Recent developments in the accessibility of educational and industrial media—through the Internet Archive, YouTube postings of leaked training videos, and DVD anthology collections (e.g., Treasures from American Film Archives)—have brought these other media venues and practices to a new prominence. Likewise, an increase in scholarly attention paid to “useful” media, as in the recent anthologies Useful Cinema (Acland and Wasson, 2011) and Learning with the Lights Off (Orgeron, Orgeron, and Streible 2012), encourages us to revise our assumptions about how media function in everyday life and rethink the very definitions of media forms that scholars often take for granted.

Exploring the incredible diversity of media production and practice across these many contexts opens up a wide field of possible study. Attending to how media has long been used by religious institutions, civic organizations, NGOs, unions, libraries, governments, and prisons might mean investigating alternative modes of reception, compulsory viewing, and resistant readings. It could also mean a turn to how various modes of ideology, style, and representation serve institutional ends. Studies interested in media within the academy might explore how audiovisual and applied media are employed in scientific and social scientific research or how media policy shapes the production and distribution of educational media.
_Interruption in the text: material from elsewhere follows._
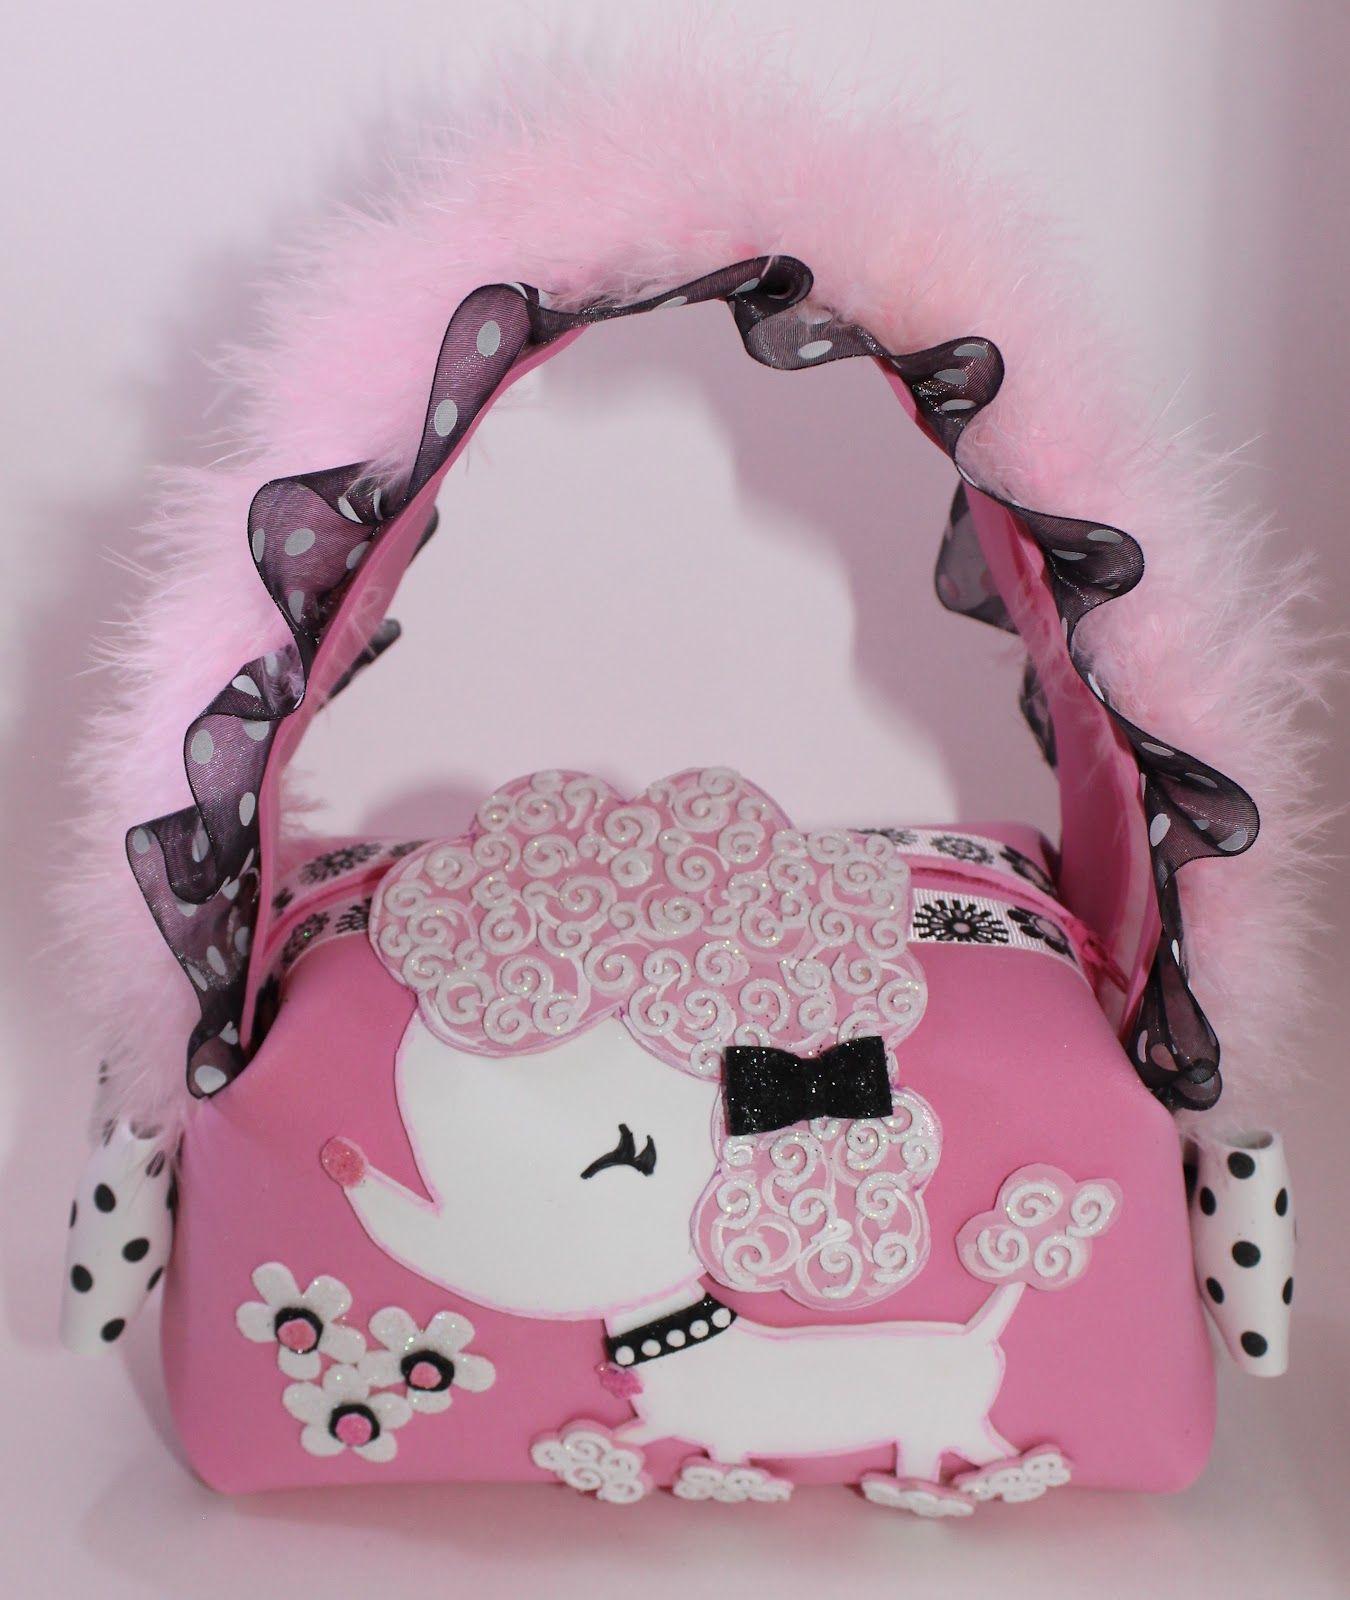 a8c82e020 bolsa de foami para niñas | Ideas creativas✨ | Kids purse, Foam ...

Historical analyses could investigate how film, video, and sound recordings found their way into the factory and museum tours and why ambient music has infiltrated public and semi-public spaces (malls, factories, restaurants, waiting rooms). Likewise, production cultures of industrial media and the histories of key practitioners and production houses provide robust topics for media industries research. The list of additional possible avenues of research is expansive, ranging from training videos, sponsored film, and institutional uses of podcasts to the intersections between institutional media, architectural design, and spatial politics.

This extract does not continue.